Work to be completed ::
The listing is to be reproduced exactly, excluding its pictures.

Information provided ::
+-------+

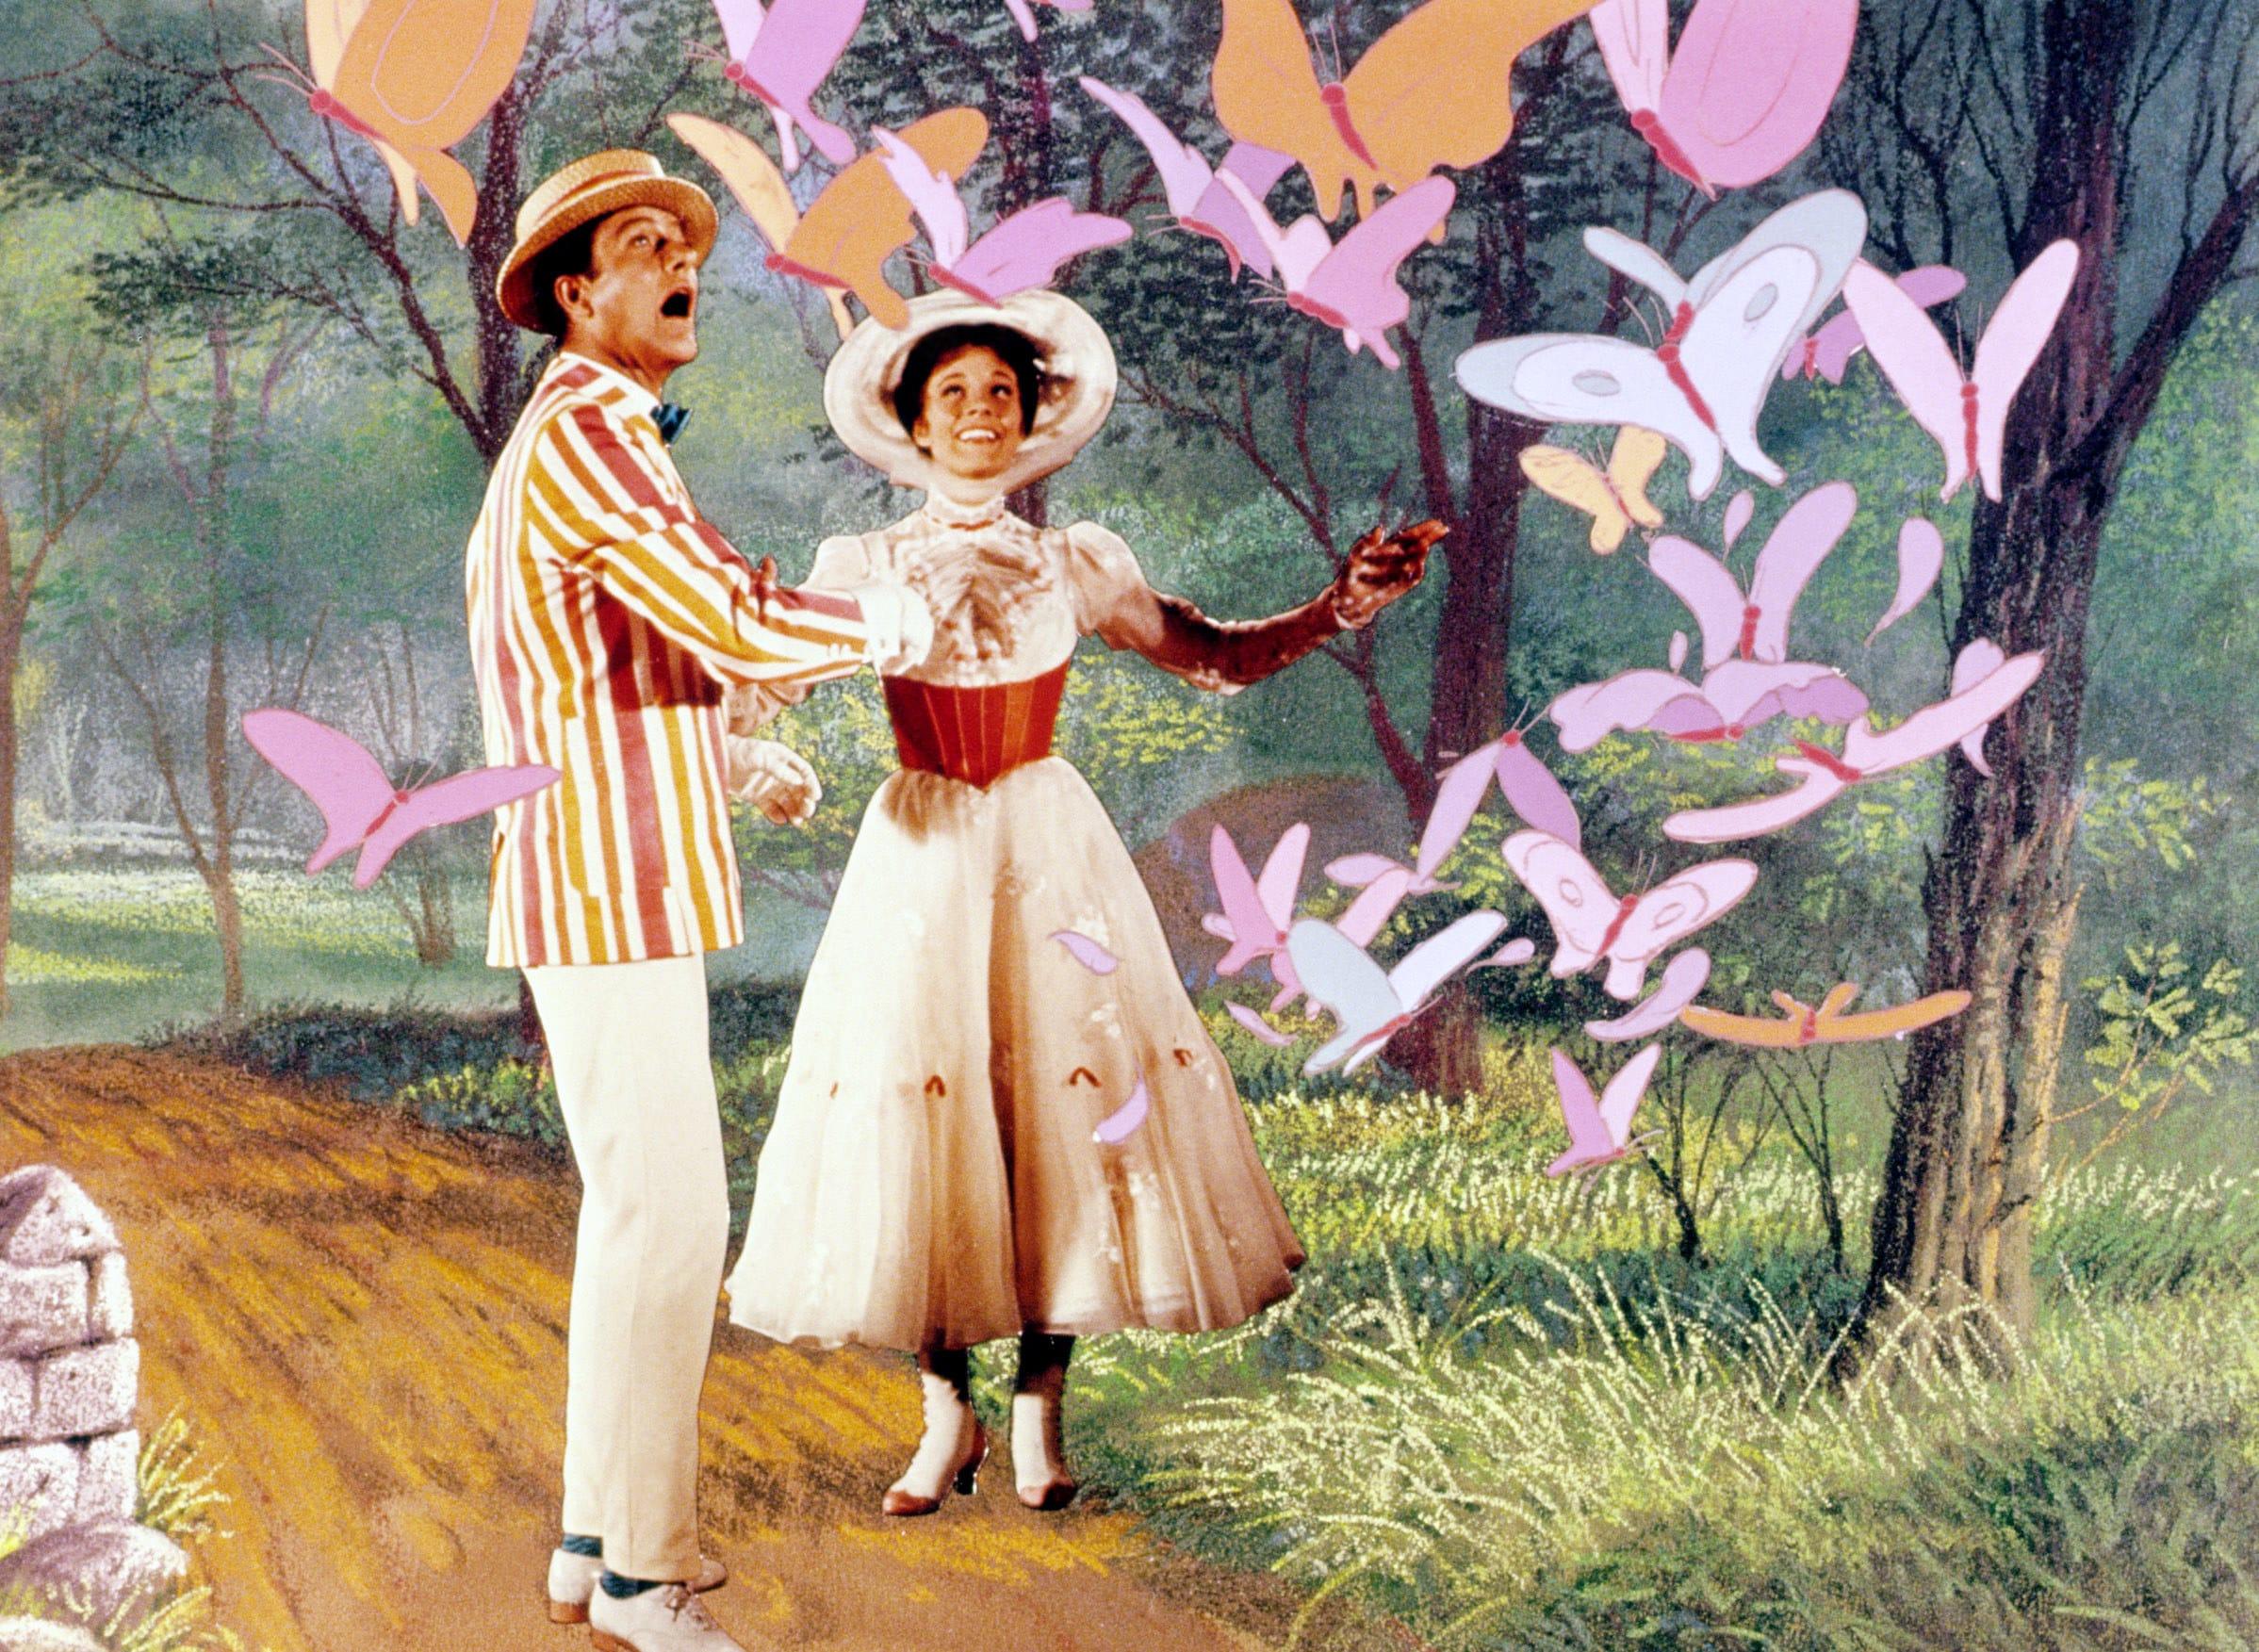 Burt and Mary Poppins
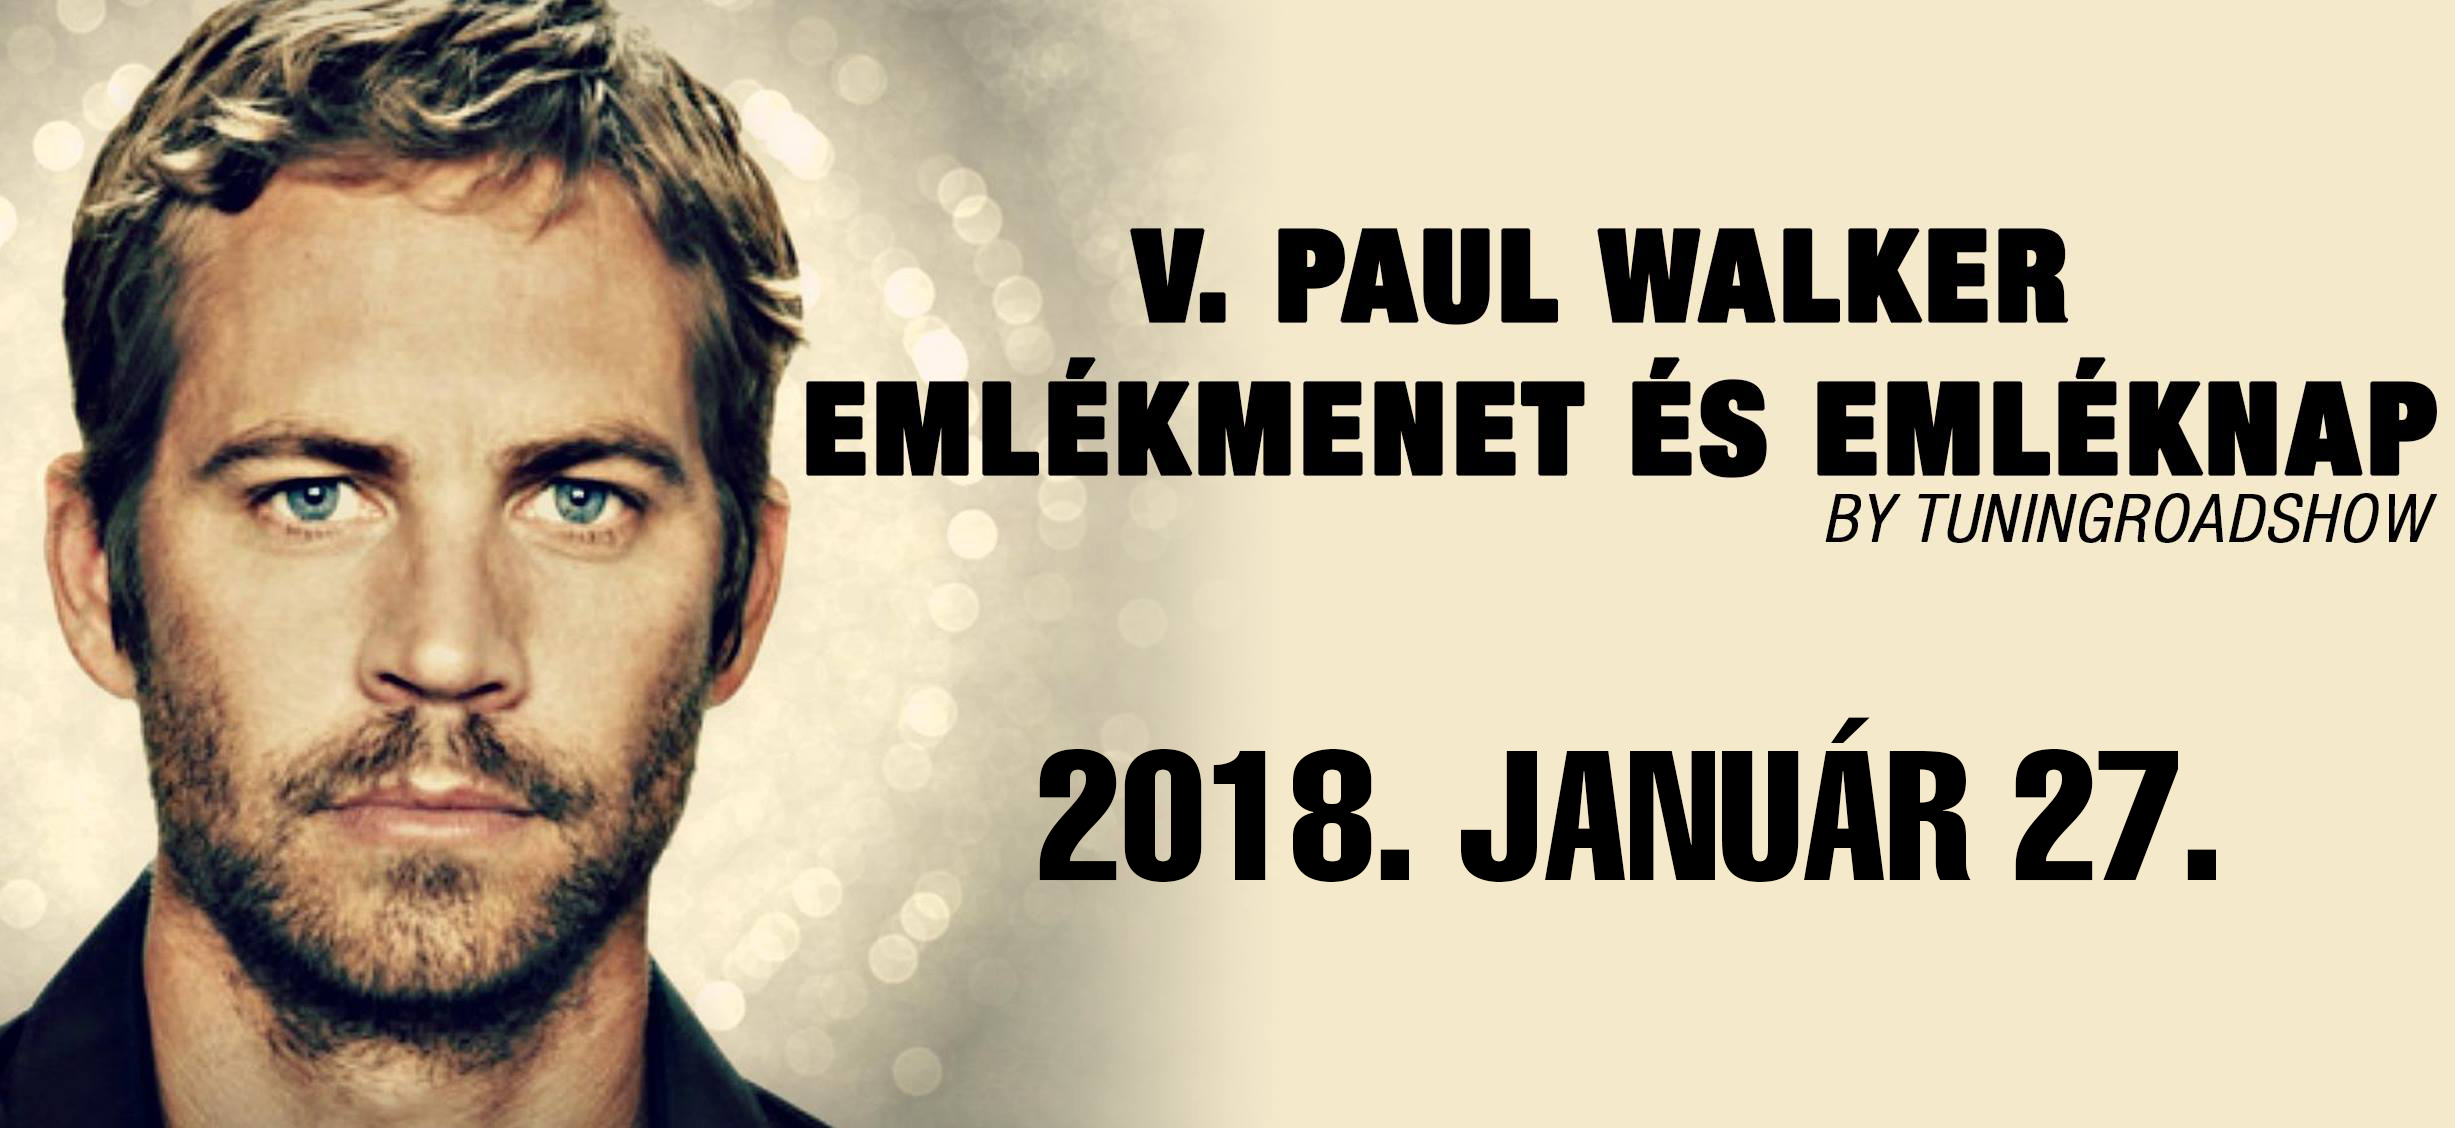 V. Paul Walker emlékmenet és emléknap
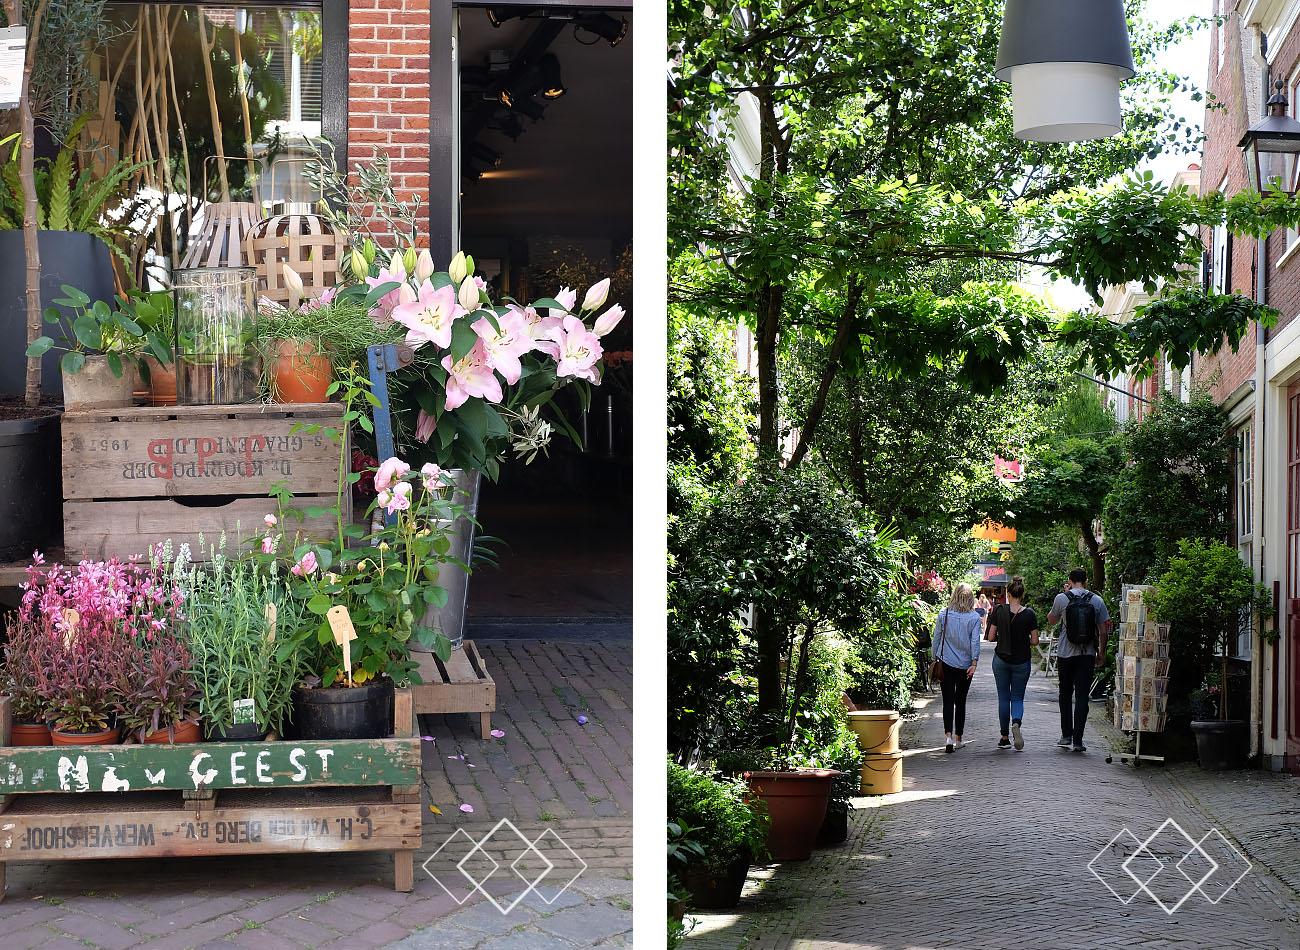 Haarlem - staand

+-------+

Problem solution ::
 Burt and Mary Poppins
 V. Paul Walker emlékmenet és emléknap
 Haarlem - staand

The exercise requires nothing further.